▼

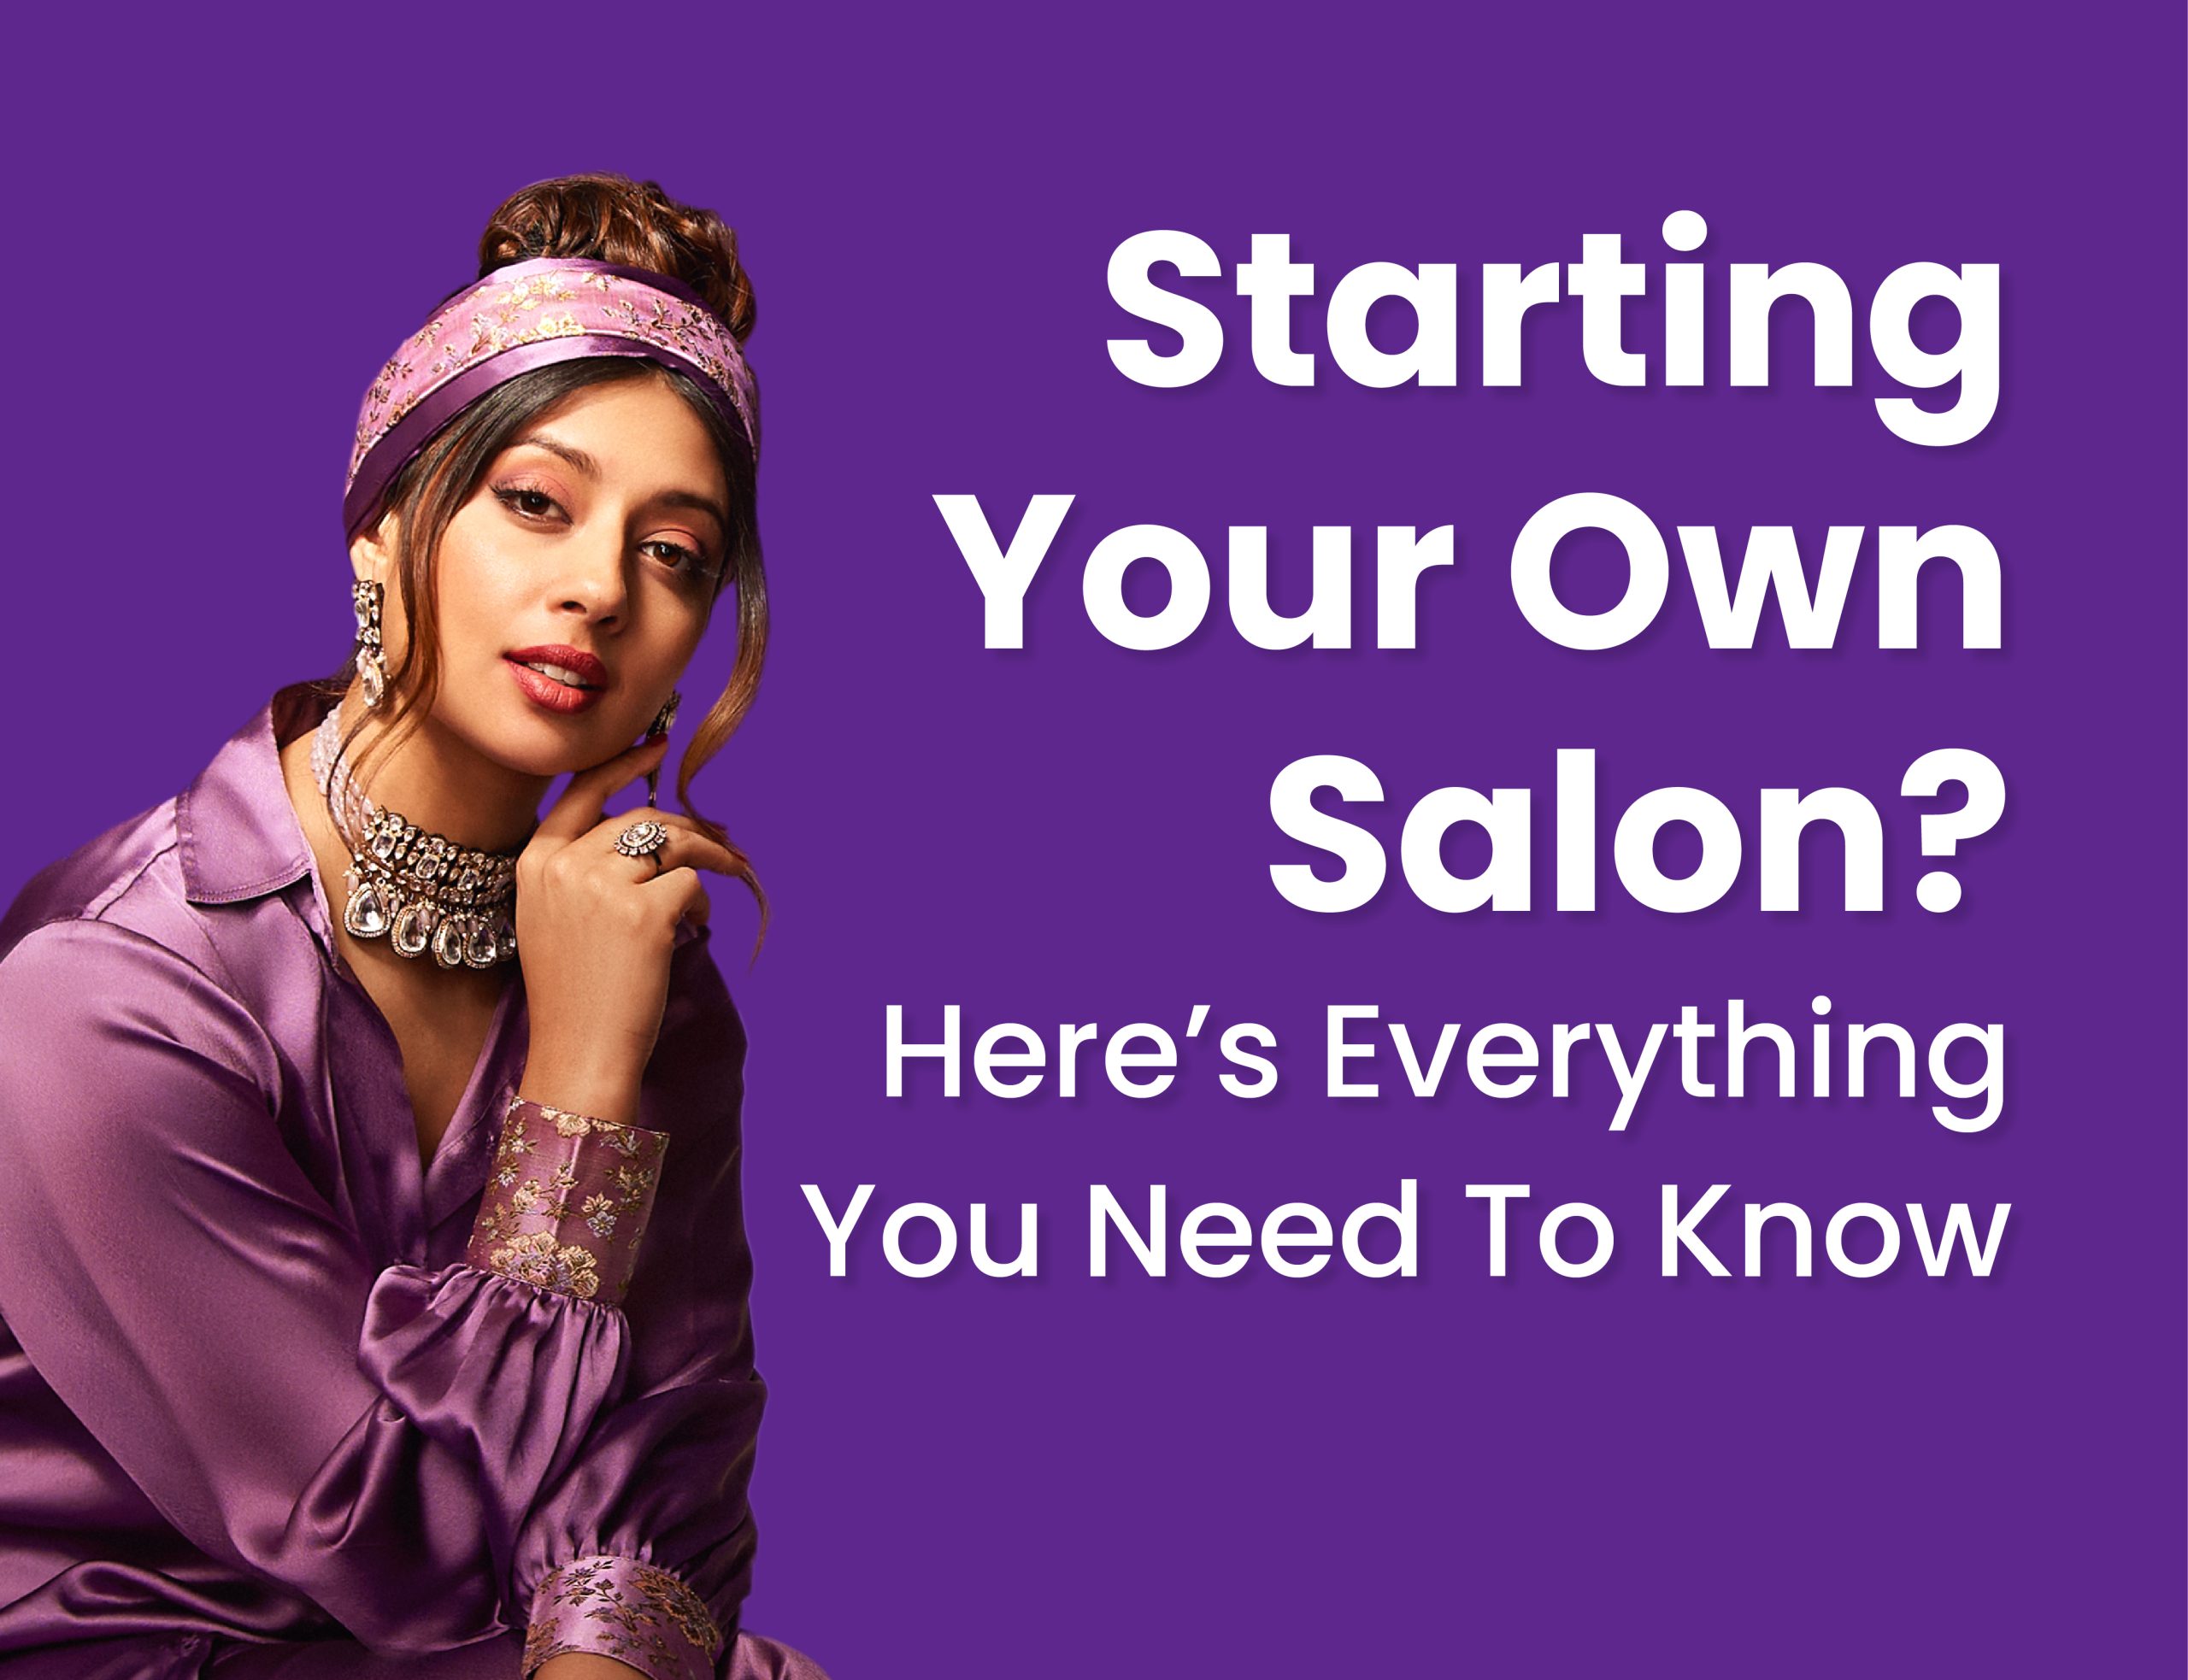 Starting Your Own Salon? Here’s Everything You Need To Know
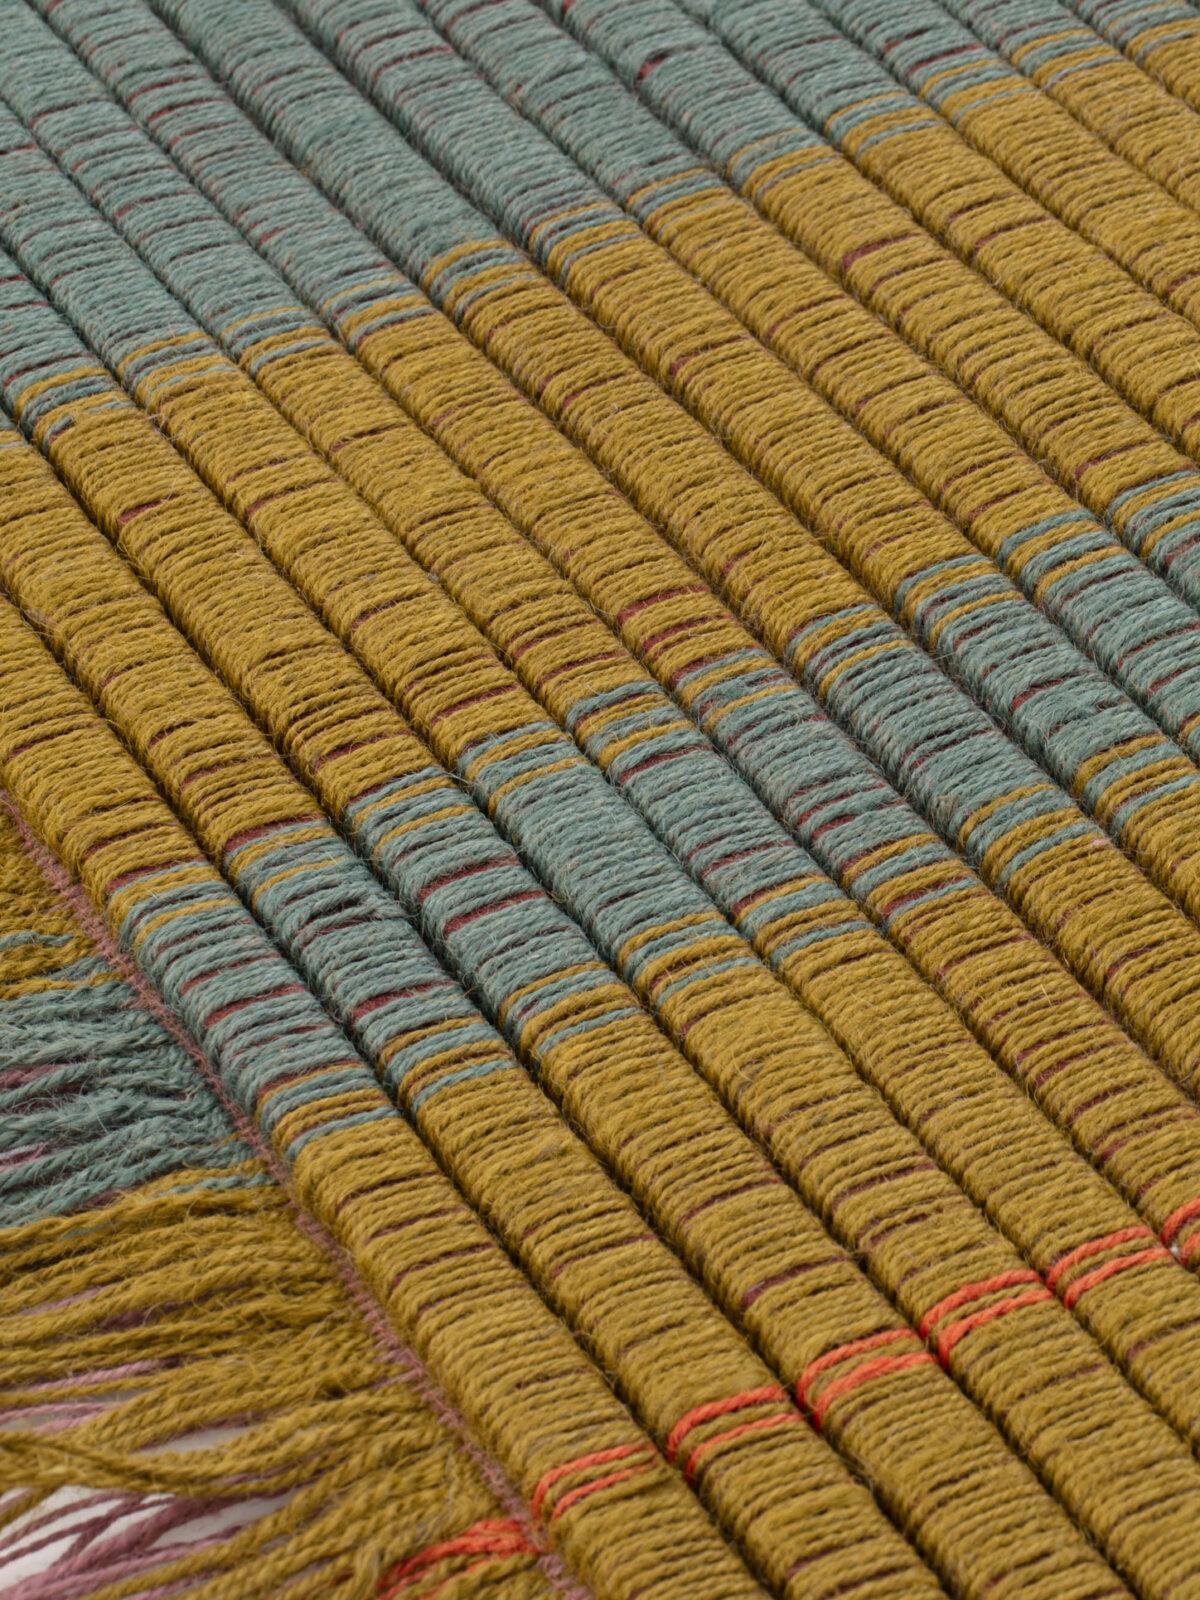 Omote is a collection of rugs designed by designer Mae Engelgeer for the CC-Tapis brand. The Omote rug collection is made of jute and felted wool made by hand loom.

One of the distinctive elements of the Omote collection are the bangs on the short
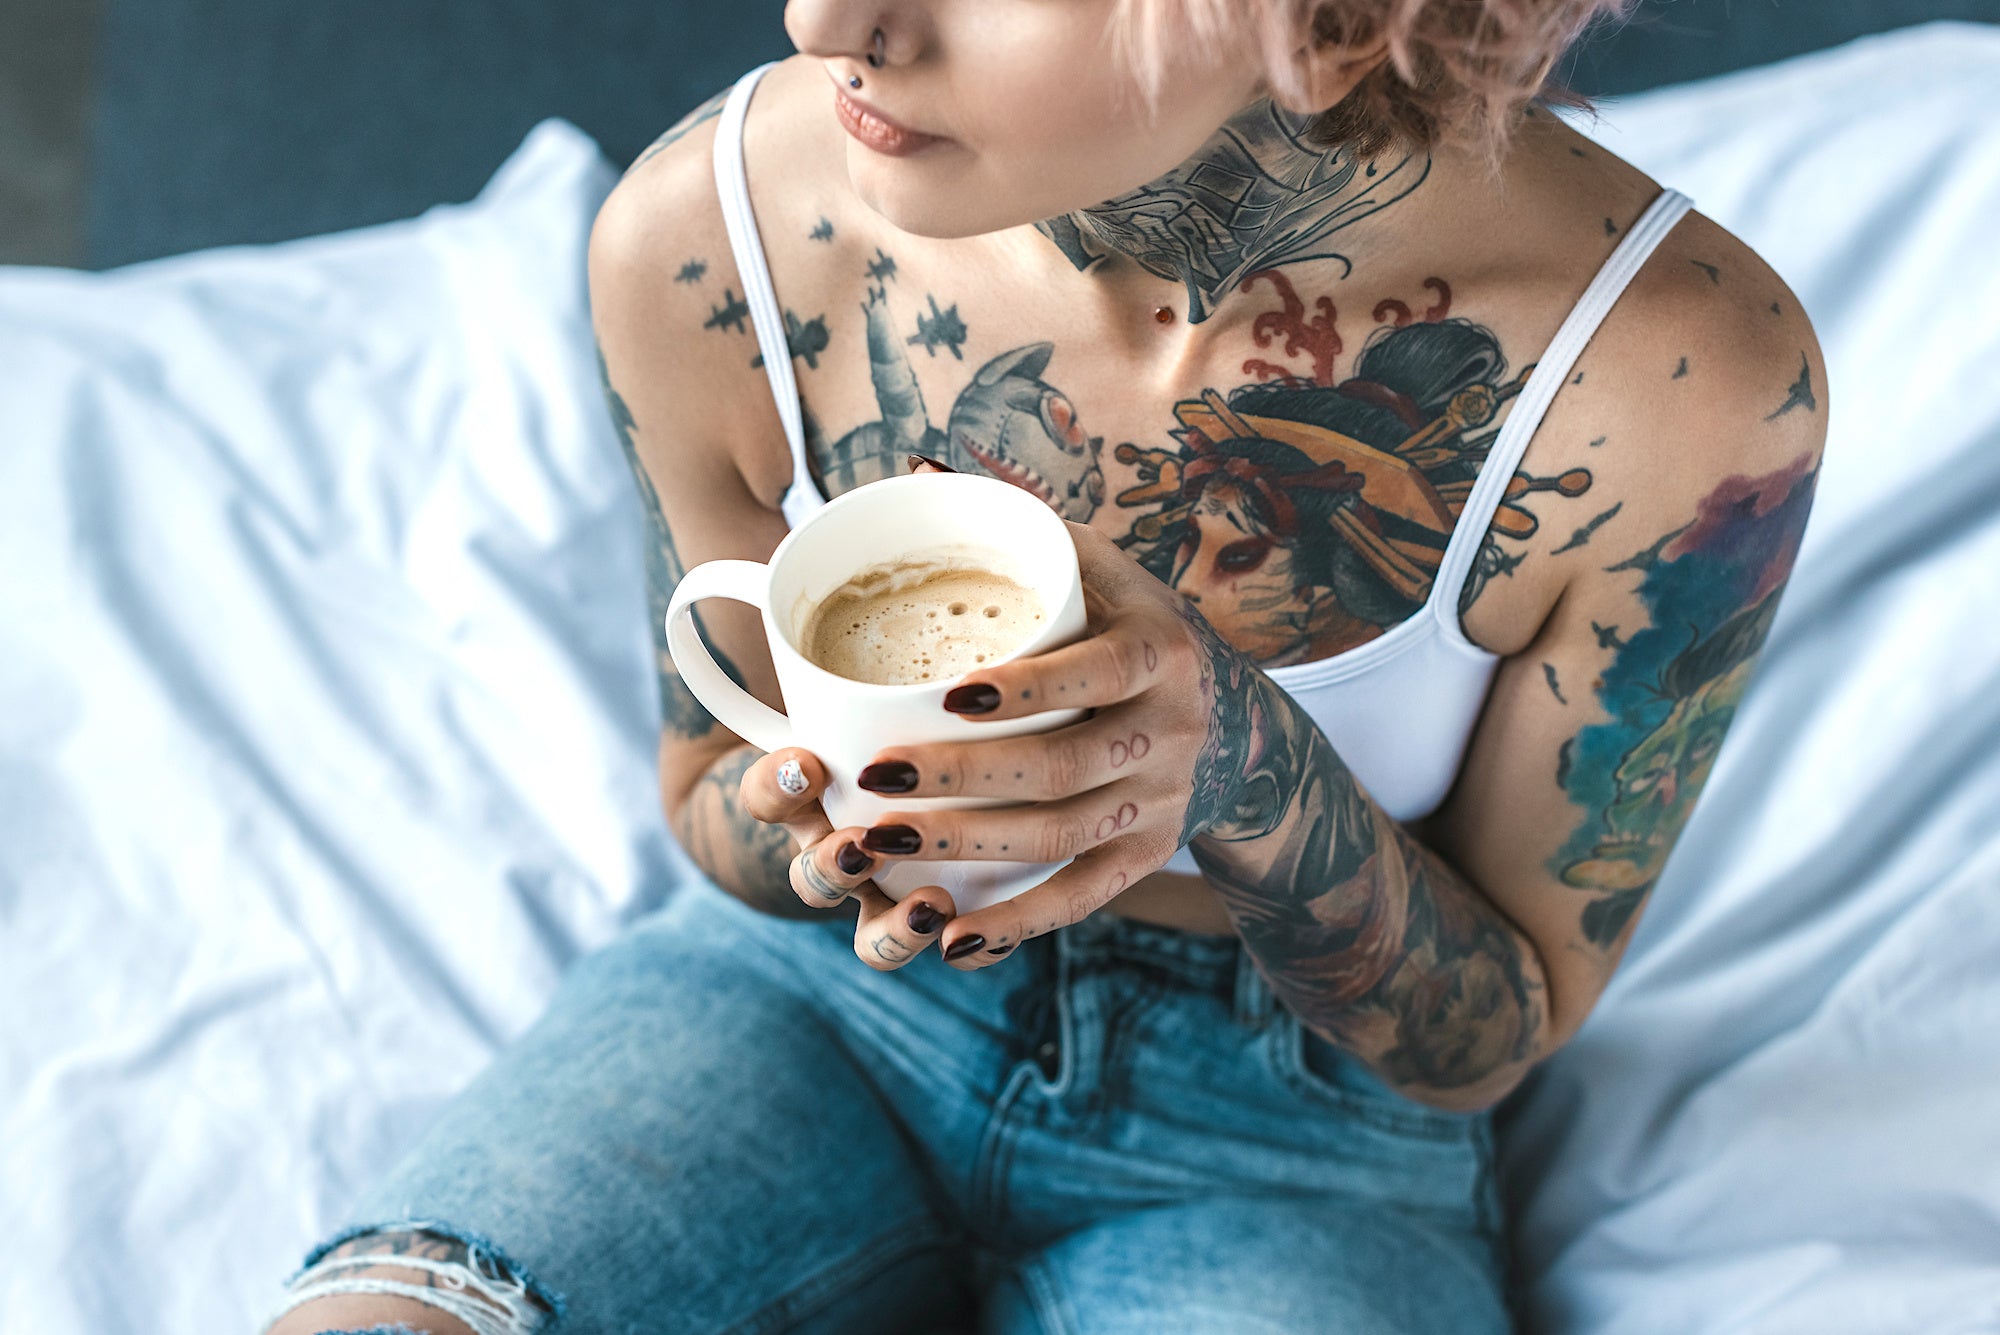 Tattoo Acne: Caring for Your Skin Without Ruining Your Ink Averr Aglow

▲

#### Brief:
Using the material above, set down every line exactly, but skip the pictures.

#### Written reply:
 Starting Your Own Salon? Here’s Everything You Need To Know
 Omote is a collection of rugs designed by designer Mae Engelgeer for the CC-Tapis brand. The Omote rug collection is made of jute and felted wool made by hand loom.

One of the distinctive elements of the Omote collection are the bangs on the short
 Tattoo Acne: Caring for Your Skin Without Ruining Your Ink Averr Aglow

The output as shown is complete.